In her imagination, Tilda walked the three steps over to Harry’s chair and smacked him upside the back of his head. As much as her private life was none of Harry’s business, it was even less Juno’s.

“What boyfriend?” Juno demanded.

“Your father is just being rude.”

“But you do have a boyfriend?”

“I went out to dinner,” Tilda said, moving around her son and the couch to put a coaster down under the bottle of beer. “That hardly makes him my boyfriend.”

She had found and purchased that antique trunk at a flea market in Seattle twenty years before. She preferred it not be ruined in twenty minutes. Also it was a distraction from this conversation.

“Where did you meet him?” Juno asked.

Tilda stood up and turned to face her son. “He lives next door.”

“In the Abrams’s old place?”

Harry answered. “Other side.”

“The Feingolds moved?”

“No,” Harry said, “it’s the Feingolds’ kid. The parents didn’t move. They died.”

“God, Mom.” Juno said it like someone had punched him in the gut, and the words were the last rush of air he had left. Tilda expected him to put the back of his hand to his forehead and slump down into a chair like Scarlett O’Hara. “I played with him when we were kids.”

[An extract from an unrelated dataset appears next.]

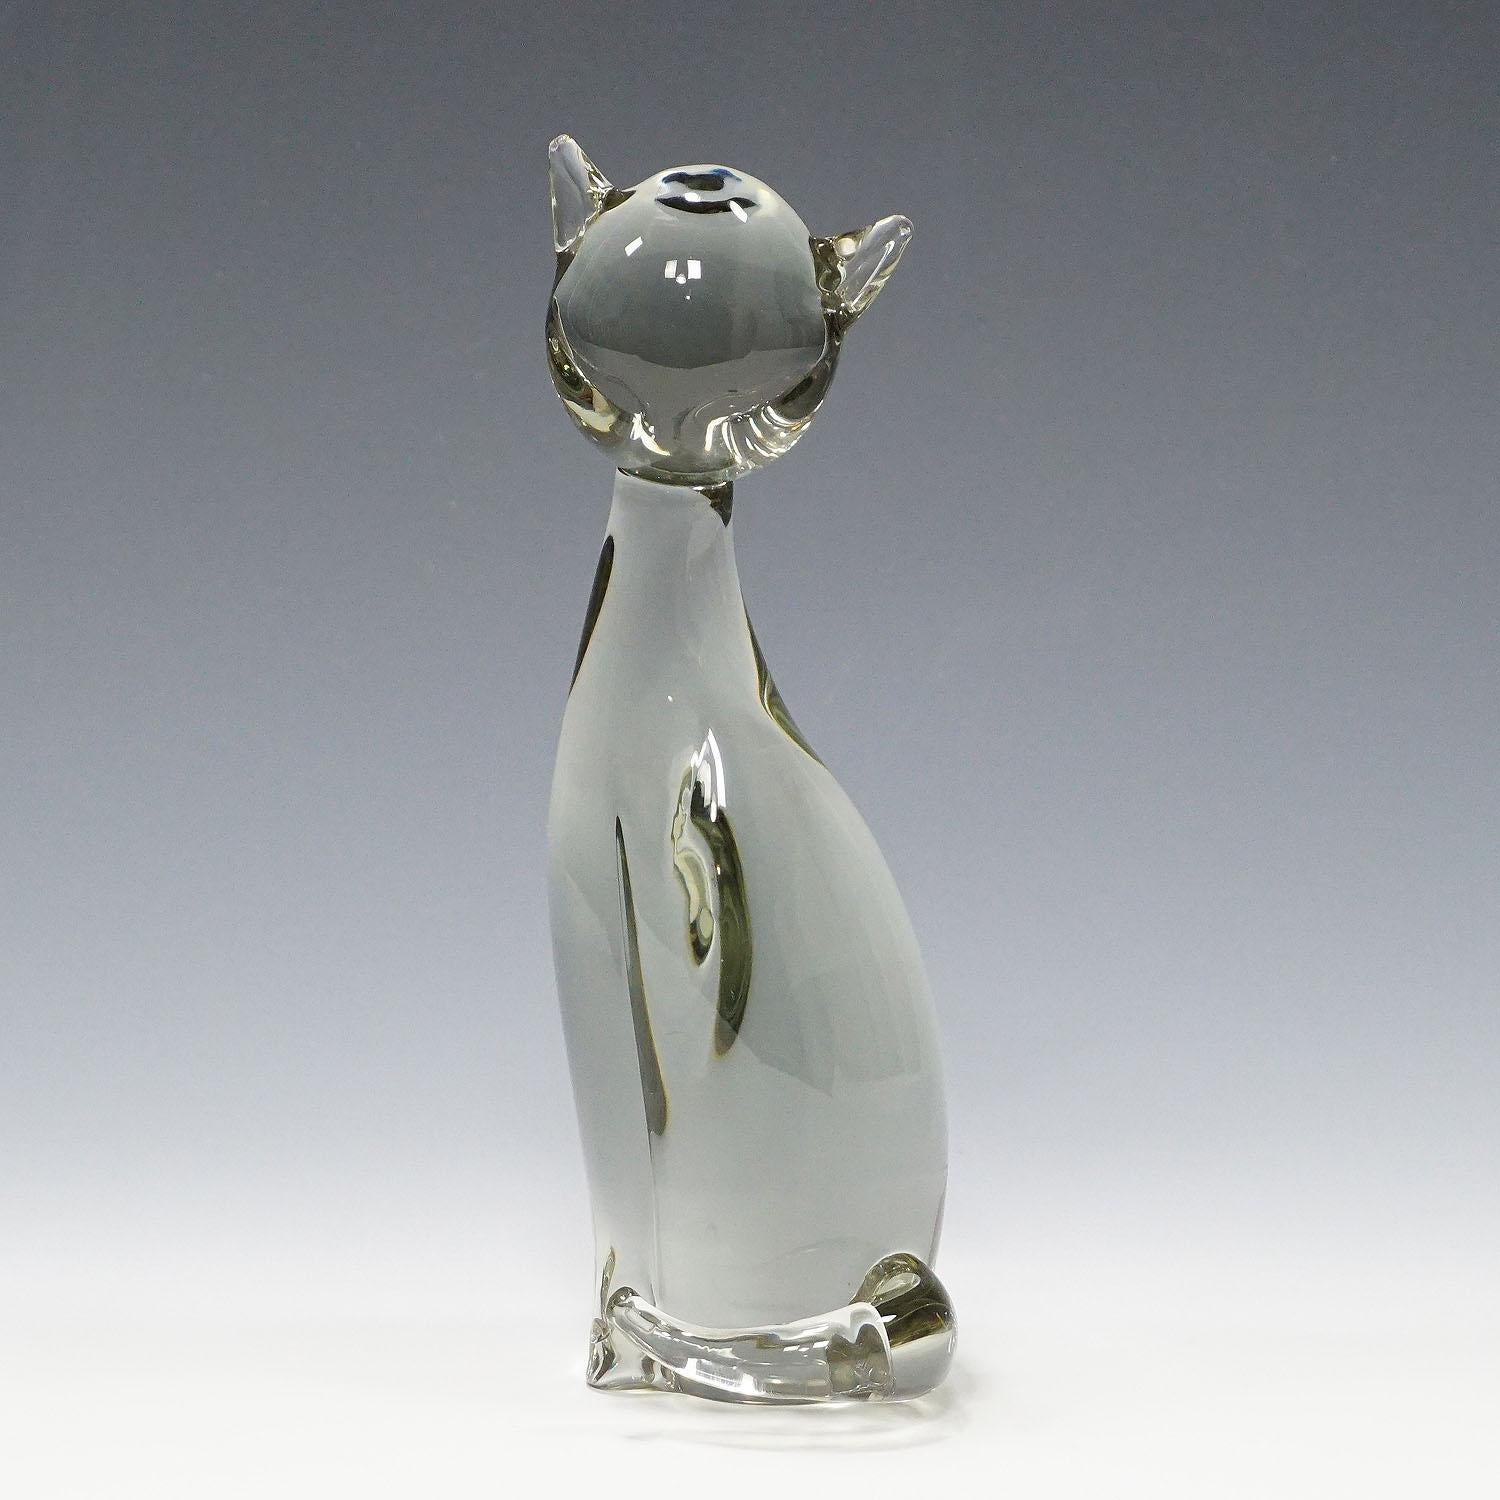 Sculpture d'un chat stylisé Design/One ca. 1970

Une jolie sculpture d'un chat stylisé en verre gris fumée. Fabriqué à la main dans la manufacture de verre Gral, en Allemagne. Il a été conçu par Livio Seguso vers 1970. Avec étiquette d'usine et

Tilda snatched the pillow he’d been lying on off the couch and fluffed it with enough force to release the feathers in one big poof if she wasn’t careful. “Oh, you did not. He’s much older than you are. You didn’t give each other the time of day.”

“He’s not that much older than I am,” Juno said, which did not refute the lie he’d just told.

“Where’s Anna Beth?” Tilda asked with all the patience she could muster.

“At home.”

“You didn’t bring her?”

“We had a fight.”

Juno sat back down.

“A fight about what?” Tilda asked. She glanced at her ex-husband, who seemed as surprised as anyone to hear this. Of course he hadn’t asked, she thought. Why would he?

“She wants to get married,” Juno said.

The obvious and unsaid ending of that sentence was “and I don’t.”

Tilda looked to Harry. “Would you turn that damn thing off?”

He reached for the remote.

“Did she ask you to marry her?” Tilda asked.

“She said I should have already asked.”

There were a hundred things Tilda might have said, and all of them were trying to push their way out of her mouth. Anna Beth would be good for Juno; although Tilda wasn’t sure the reverse was true. But the one thing Tilda did not want and would never do was to insert herself between Juno and a girlfriend. Not even now. She said this last bit to herself firmly. Anna Beth was, after all, eight months pregnant with his baby, not to mention as good a young woman as Juno was likely to attract. A stable home life would—Tilda stopped herself.

“Are you okay?” she asked.

“Not really.” Juno had drained the bottle of beer and was peeling off the blue-and-silver label in little strips.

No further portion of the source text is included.